OK, so the man that invented the facemask, playbooks and the draw play may have missed on that. But he tells Purdy he's having fun. And Mike Brown, his father's partner in the venture since they founded the franchise together in 1967, is enjoying his father's joy.

"He never doubted himself," Mike Brown says. "If there is a difference in him this year, it's that his team is successful. And he's damn happy about it. I think what we needed here was a coach that could handle the situation and we got one."

Paul Brown spends only one day a week over at Spinney Field and that's on Monday when he sits through the team's film session and checks on the health of the team. While the coaches and players work at Spinney during the rest of the week, he stays at his Riverfront office and usually confers with Gregg in a daily phone conversation that encompasses all topics that include personnel.

Back in September in what turns out to be one of the biggest decisions in team history, Brown and Gregg discuss if Anderson should start the second game of the year after he was pulled in the opener and Turk Schonert beat Seattle.

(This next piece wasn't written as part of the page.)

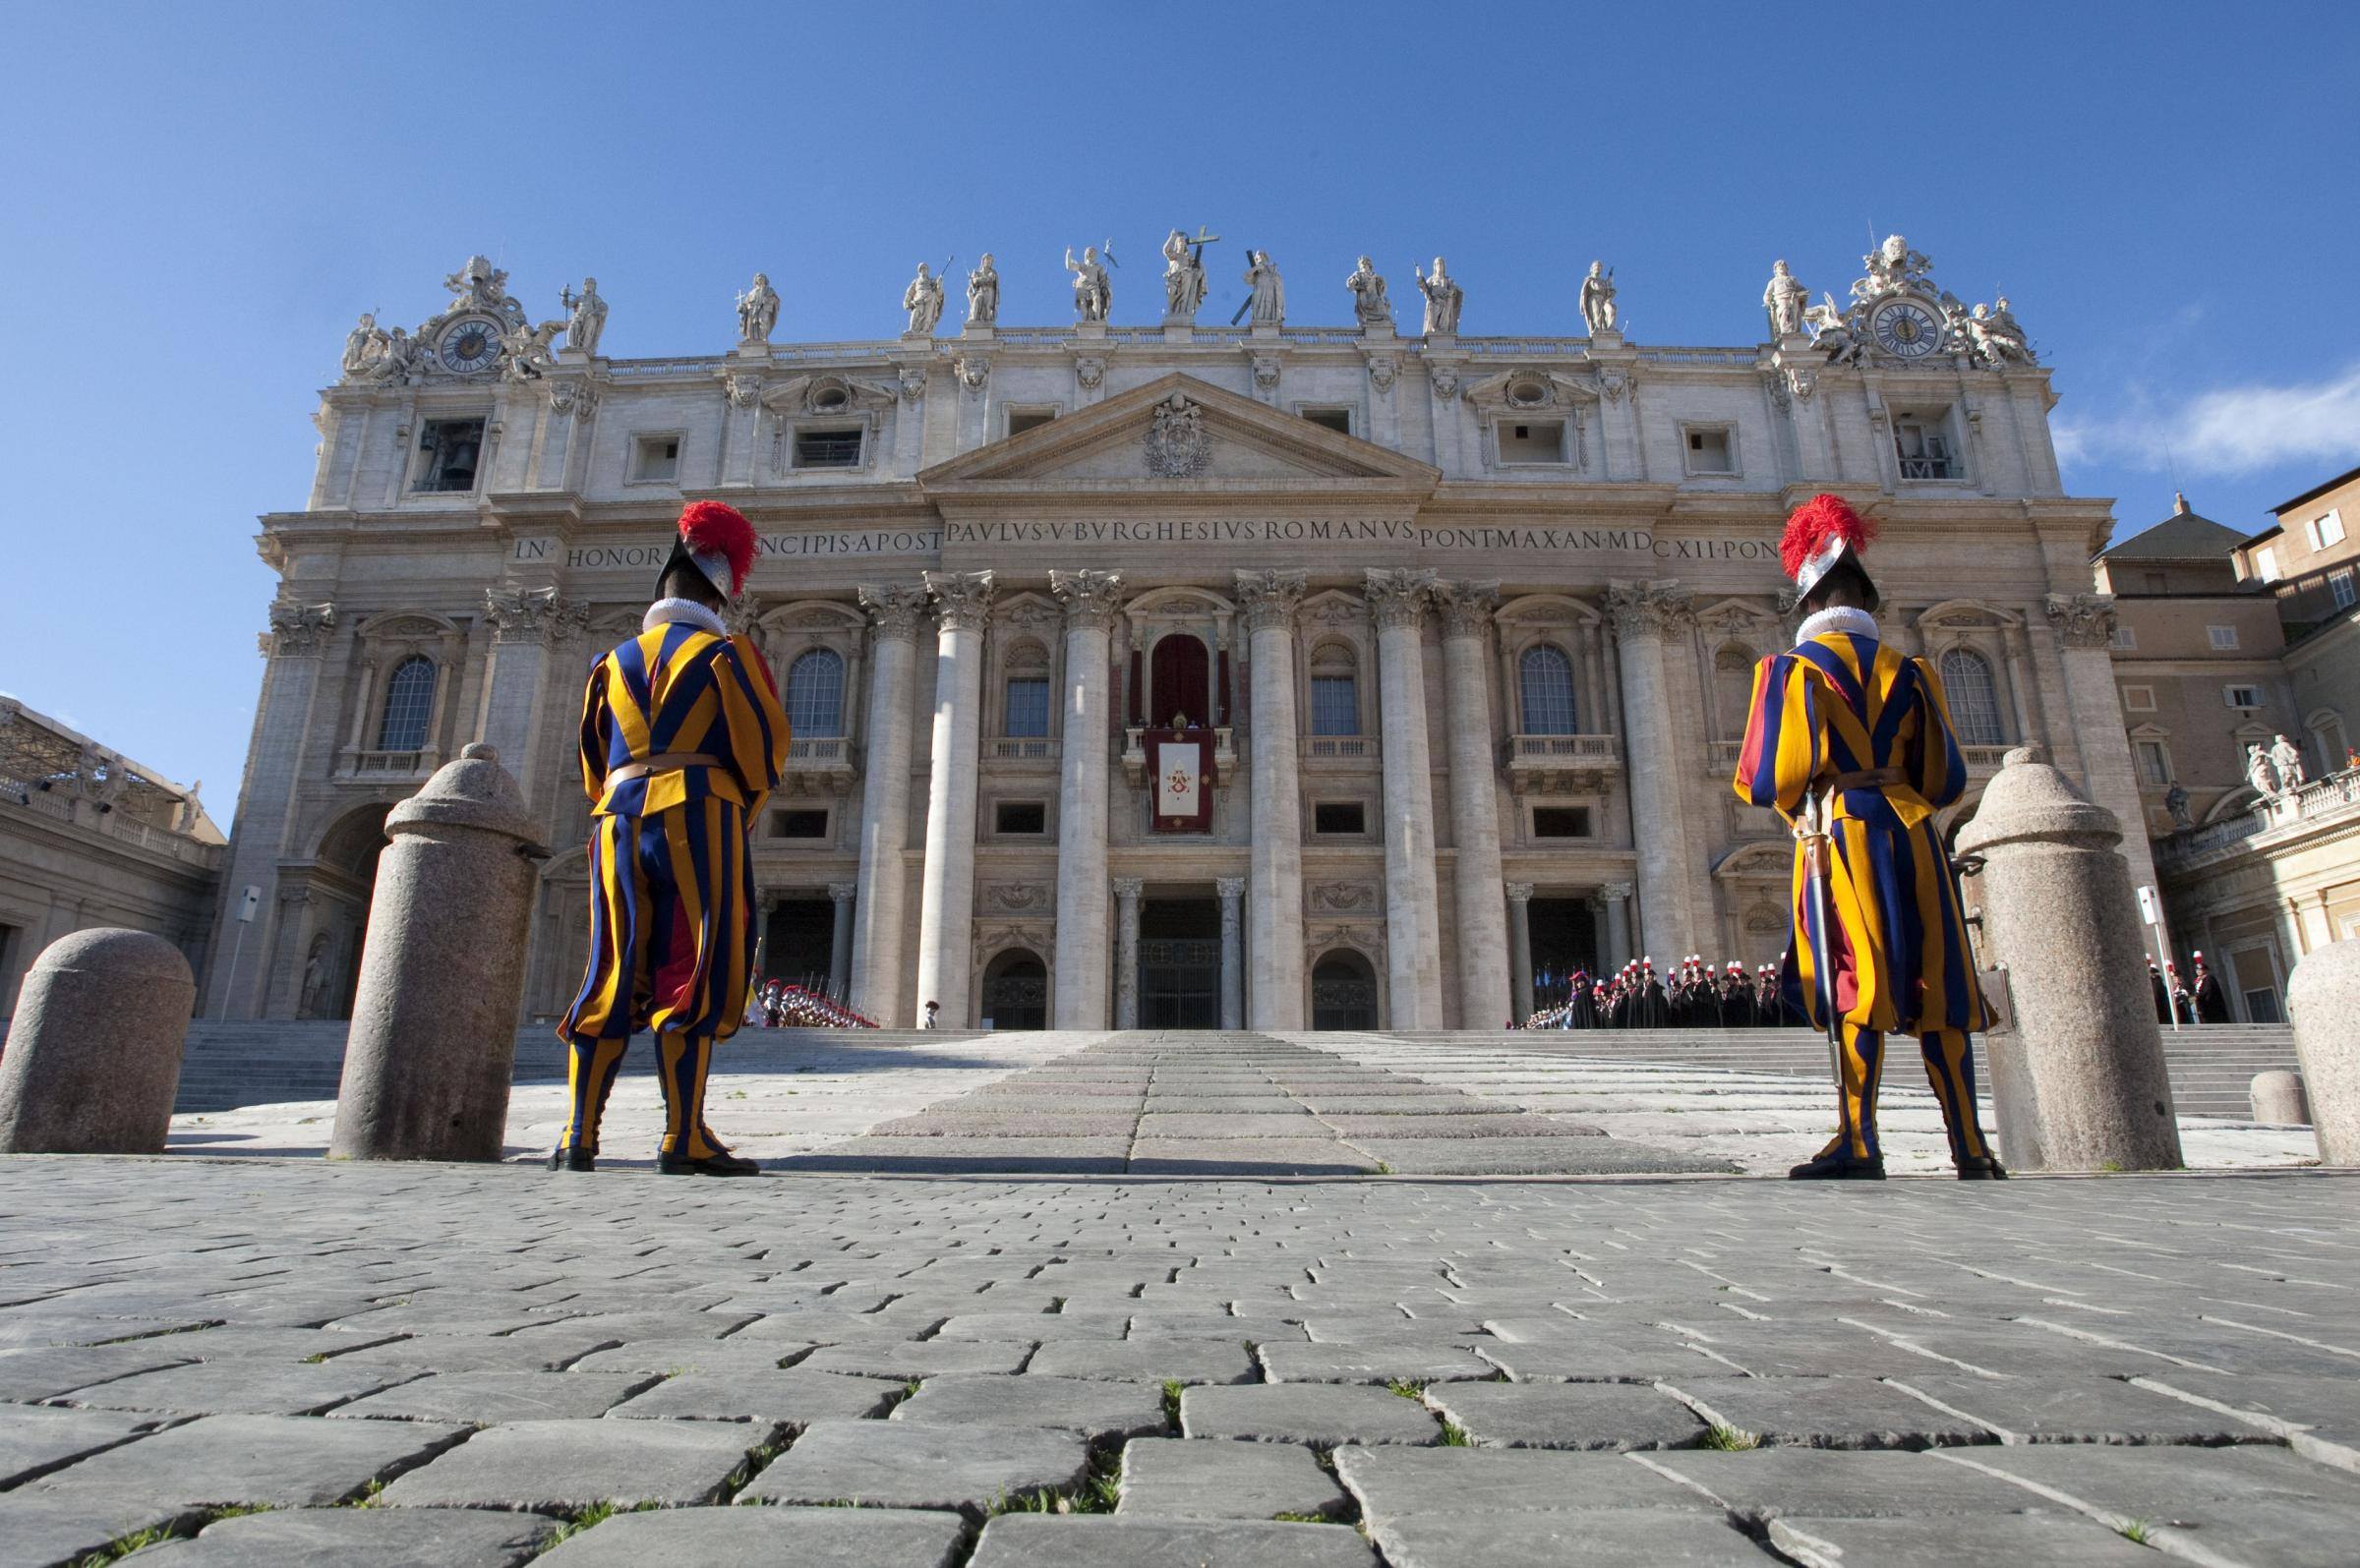 Isis ipotesi di attacco al vaticano - Le finestre sul vaticano ...
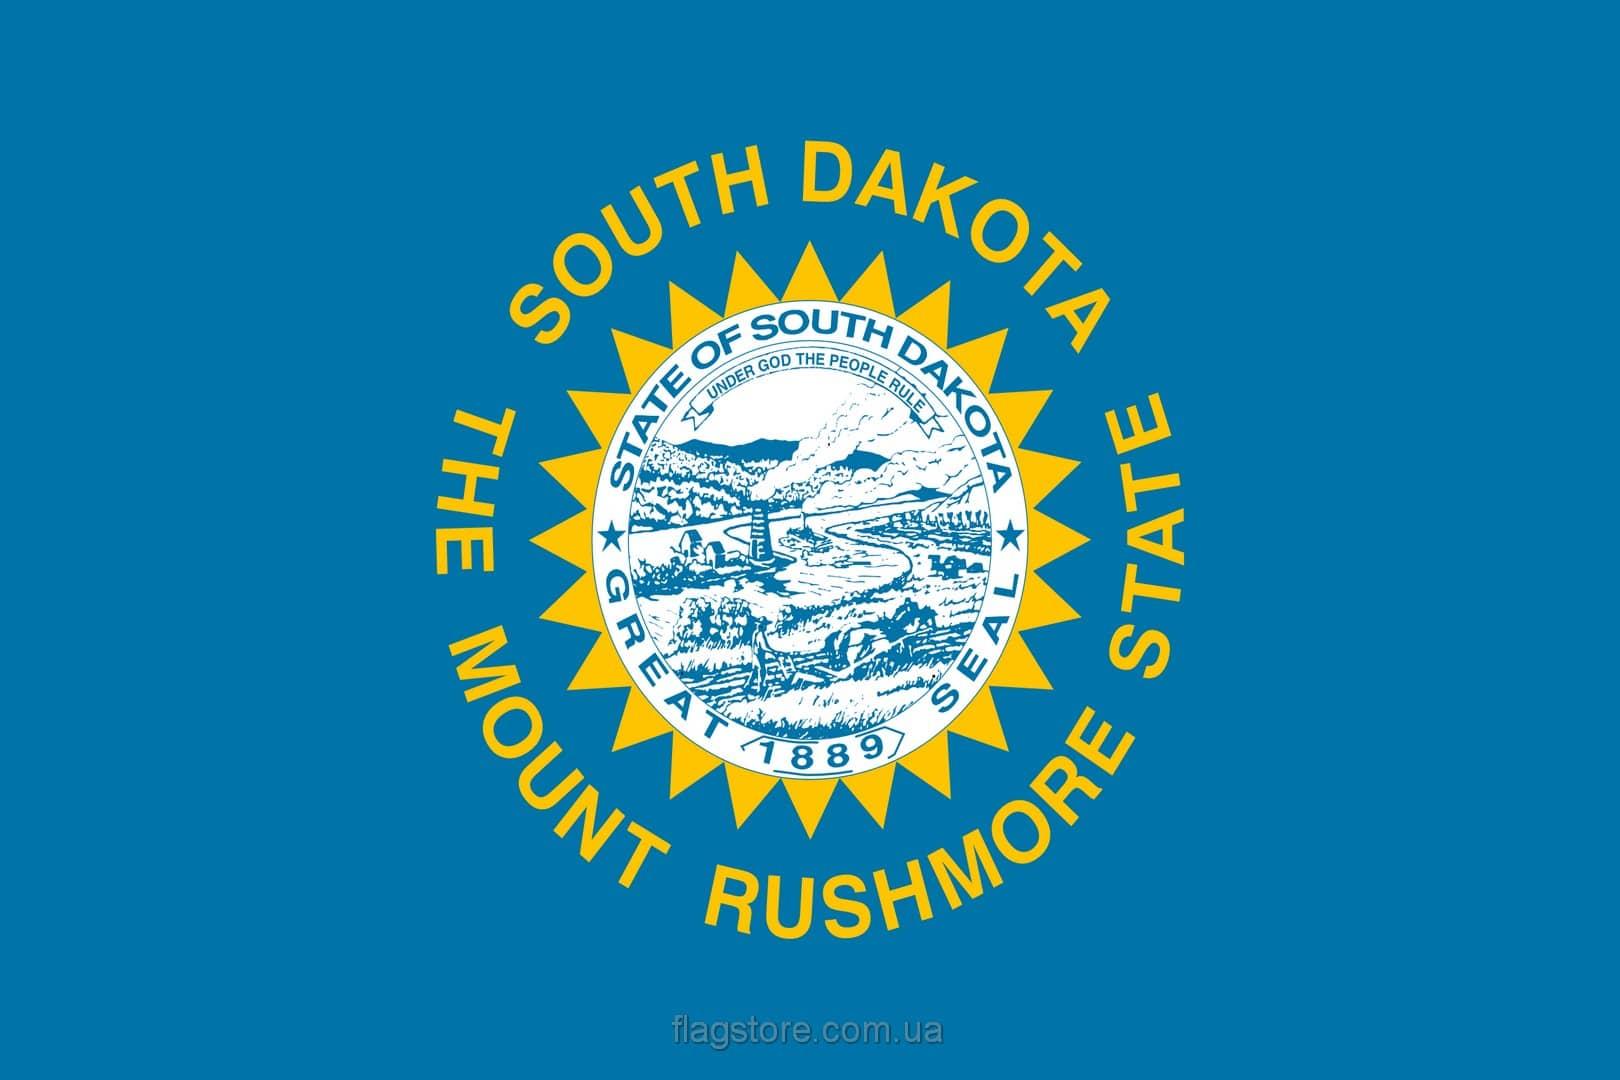 Купить флаг Южной Дакоты (штата Южная Дакота)

"Forrest talked to me about that. He came to me with it," Paul Brown says. "I encouraged him to stay with Ken. I had Ken too long to think that what was happening would last."

Purdy has a brainstorm.

"During this afternoon's game we should probably tip our flasks in the direction of Paul Brown's booth," he says. "He is, after all, the reason all this is here. He is the reason Gregg is here. He is the reason Anderson is here. He is the reason the Bengals exist. He is the reason, to a large extent, that pro football dominates the nation's weekends the way it does. And today he is the reason I am pouring catsup all over my crow."

The Super Bowl, it turns out, is closer than you think as the crow flies.